_YOUR GOAL_. As an exercise, transcribe the data below in full and exactly, omitting pictures.

_THE DATA_.
▬▬▬▬▬▬

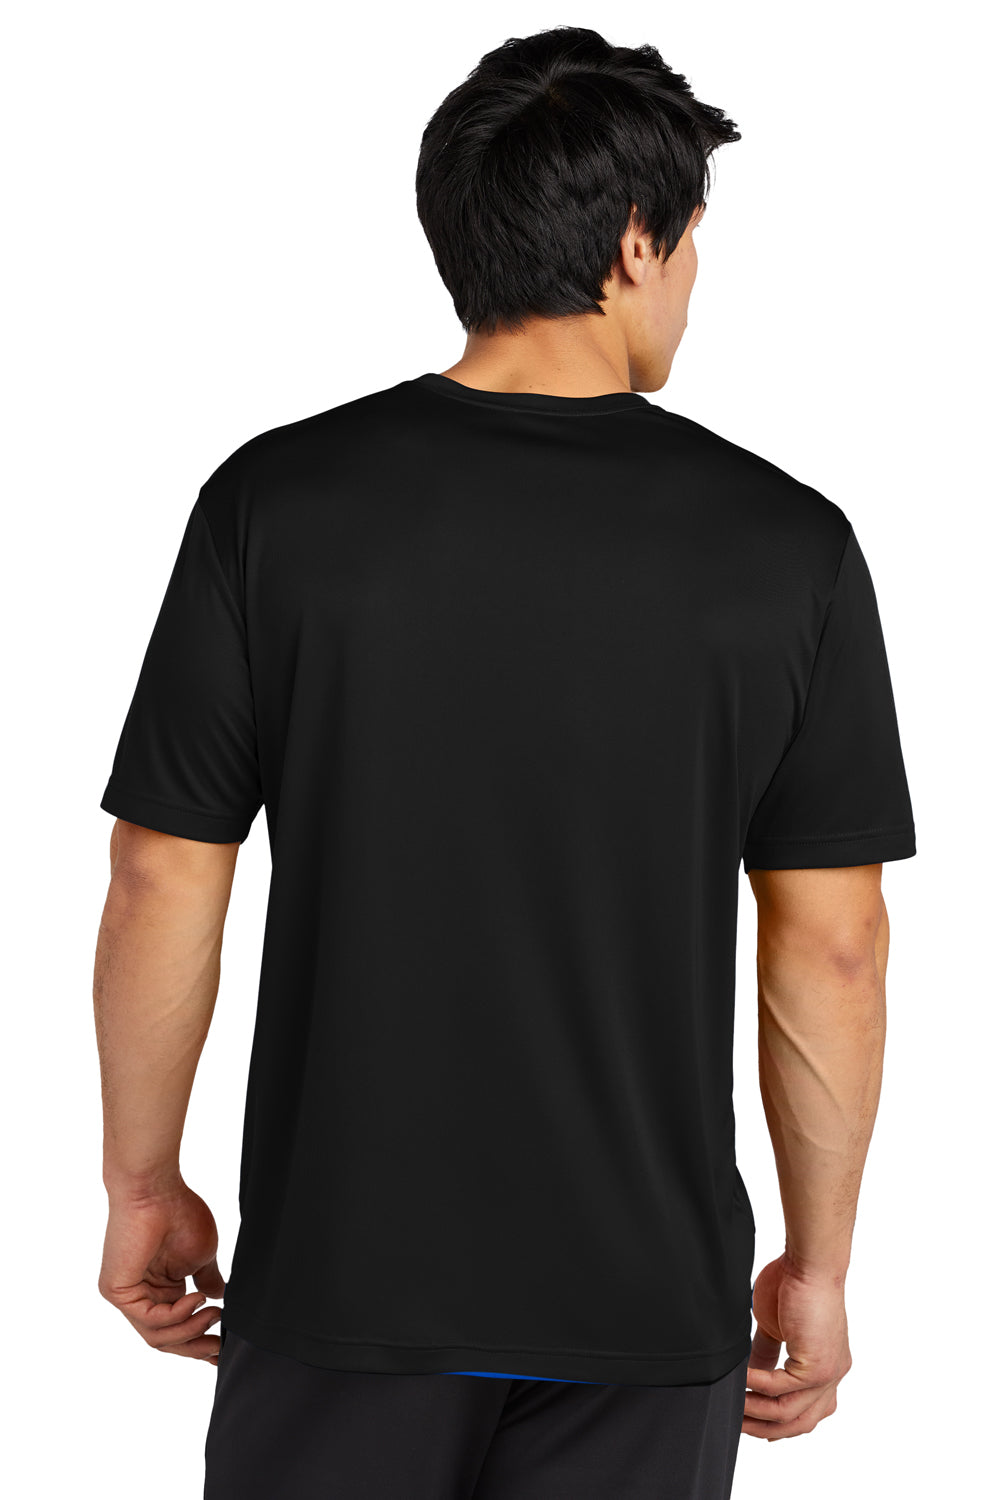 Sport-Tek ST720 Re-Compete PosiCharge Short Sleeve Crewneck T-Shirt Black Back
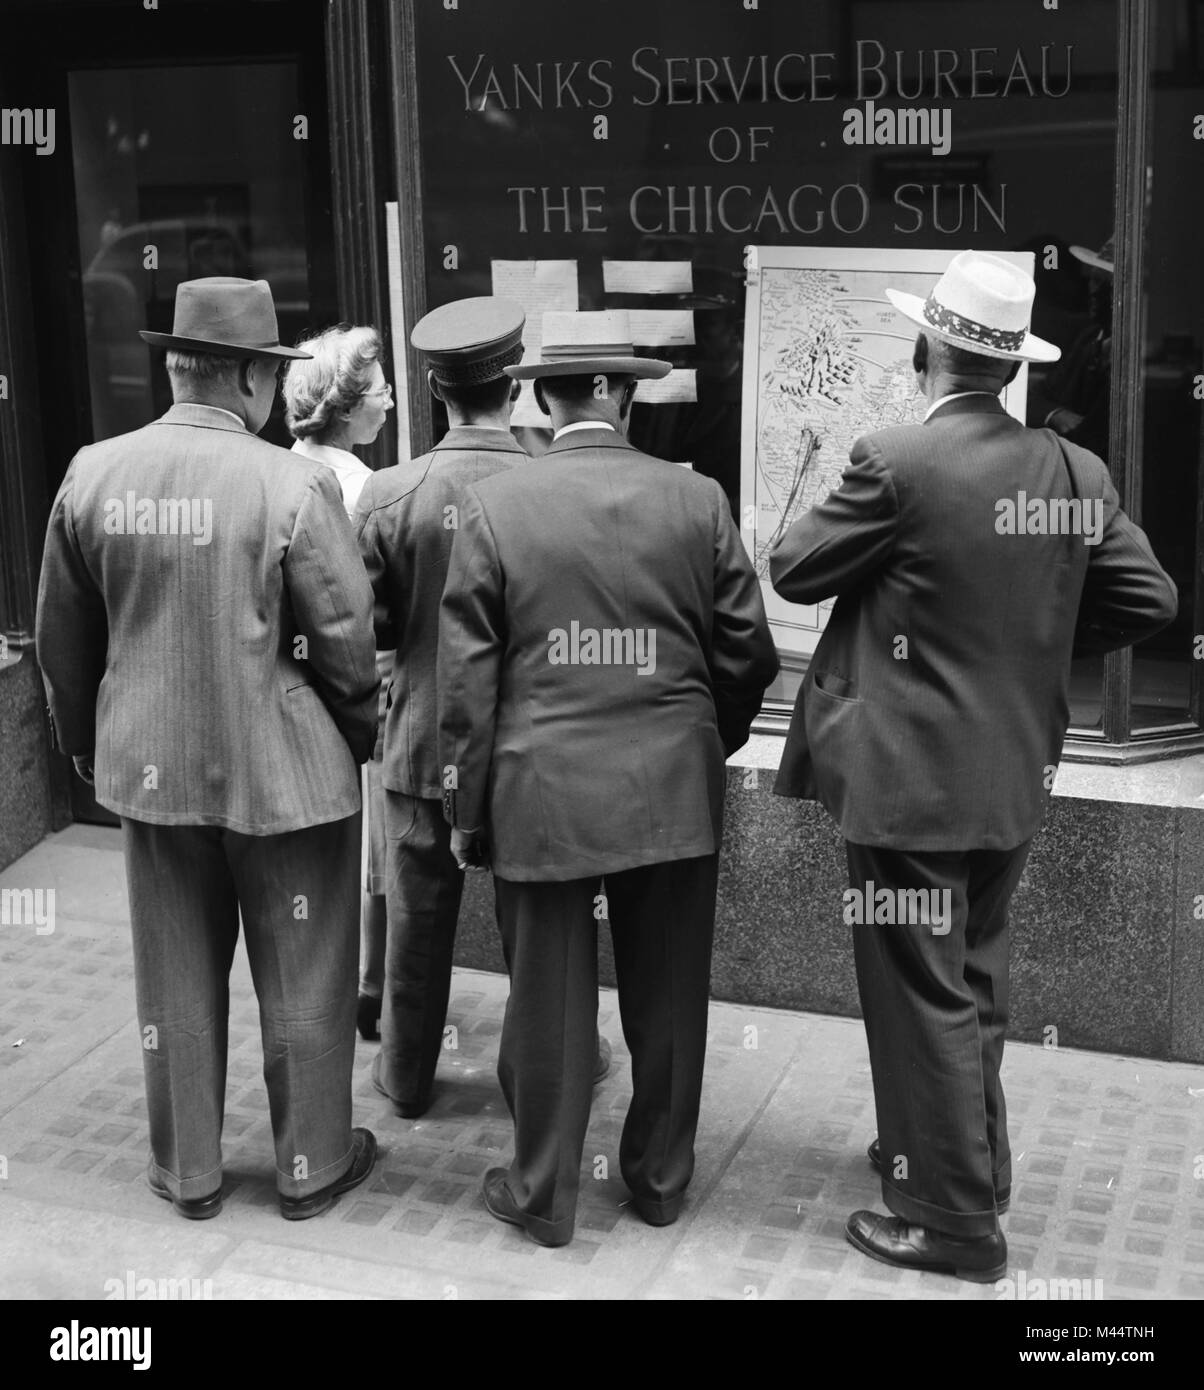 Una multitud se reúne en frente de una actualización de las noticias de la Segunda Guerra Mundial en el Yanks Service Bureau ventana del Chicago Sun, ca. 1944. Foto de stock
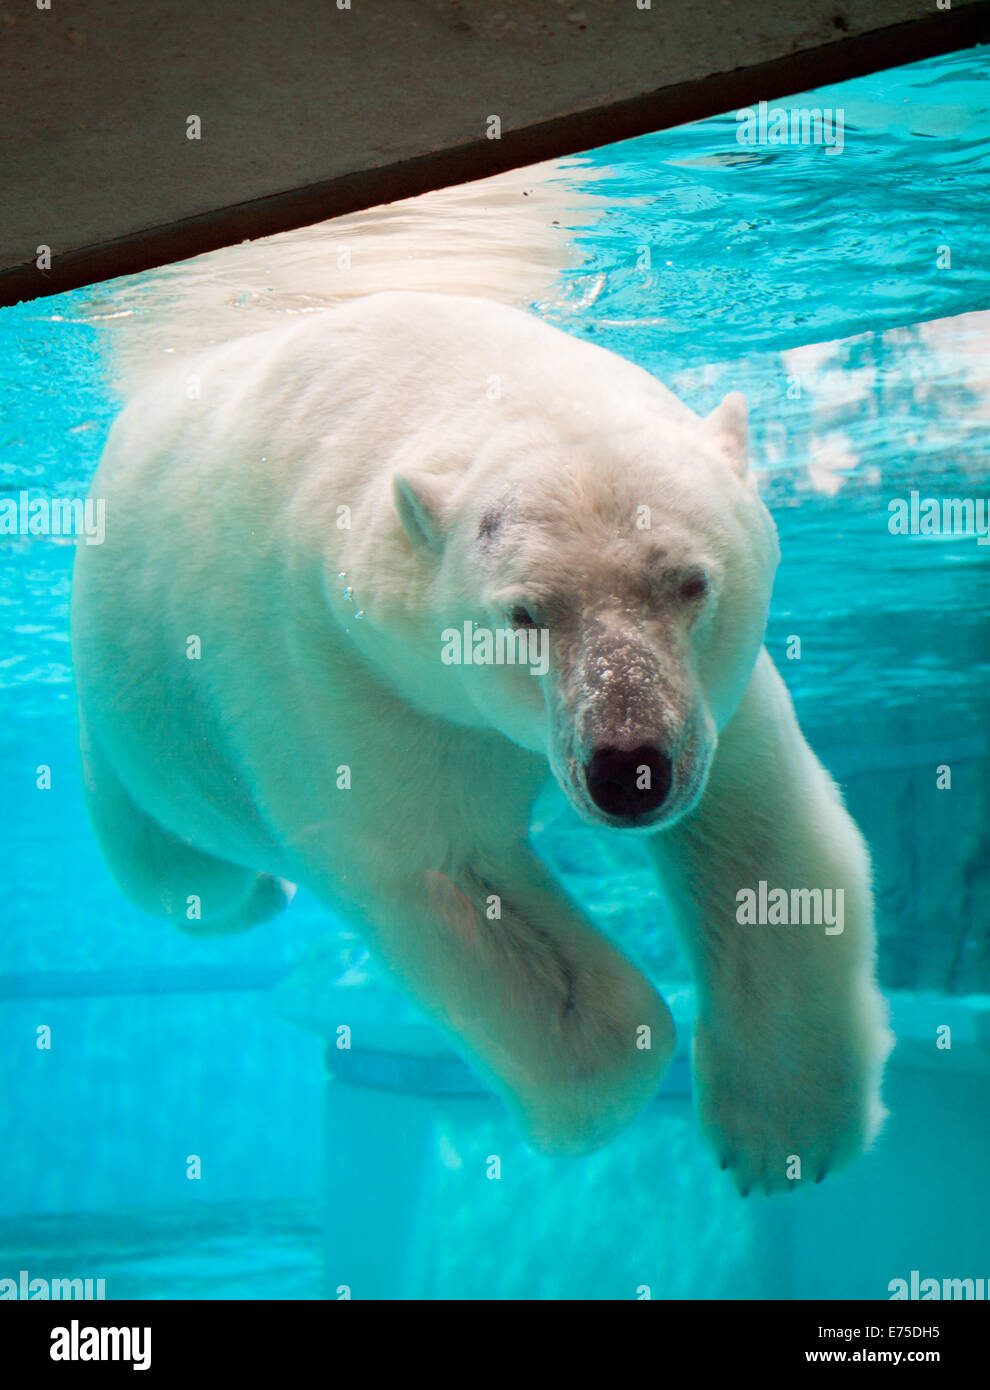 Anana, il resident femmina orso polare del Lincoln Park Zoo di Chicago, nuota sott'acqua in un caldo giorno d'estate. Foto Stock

▬▬▬▬▬▬

_EXERCISE ANSWER_.
 Sport-Tek ST720 Re-Compete PosiCharge Short Sleeve Crewneck T-Shirt Black Back
 Una multitud se reúne en frente de una actualización de las noticias de la Segunda Guerra Mundial en el Yanks Service Bureau ventana del Chicago Sun, ca. 1944. Foto de stock
 Anana, il resident femmina orso polare del Lincoln Park Zoo di Chicago, nuota sott'acqua in un caldo giorno d'estate. Foto Stock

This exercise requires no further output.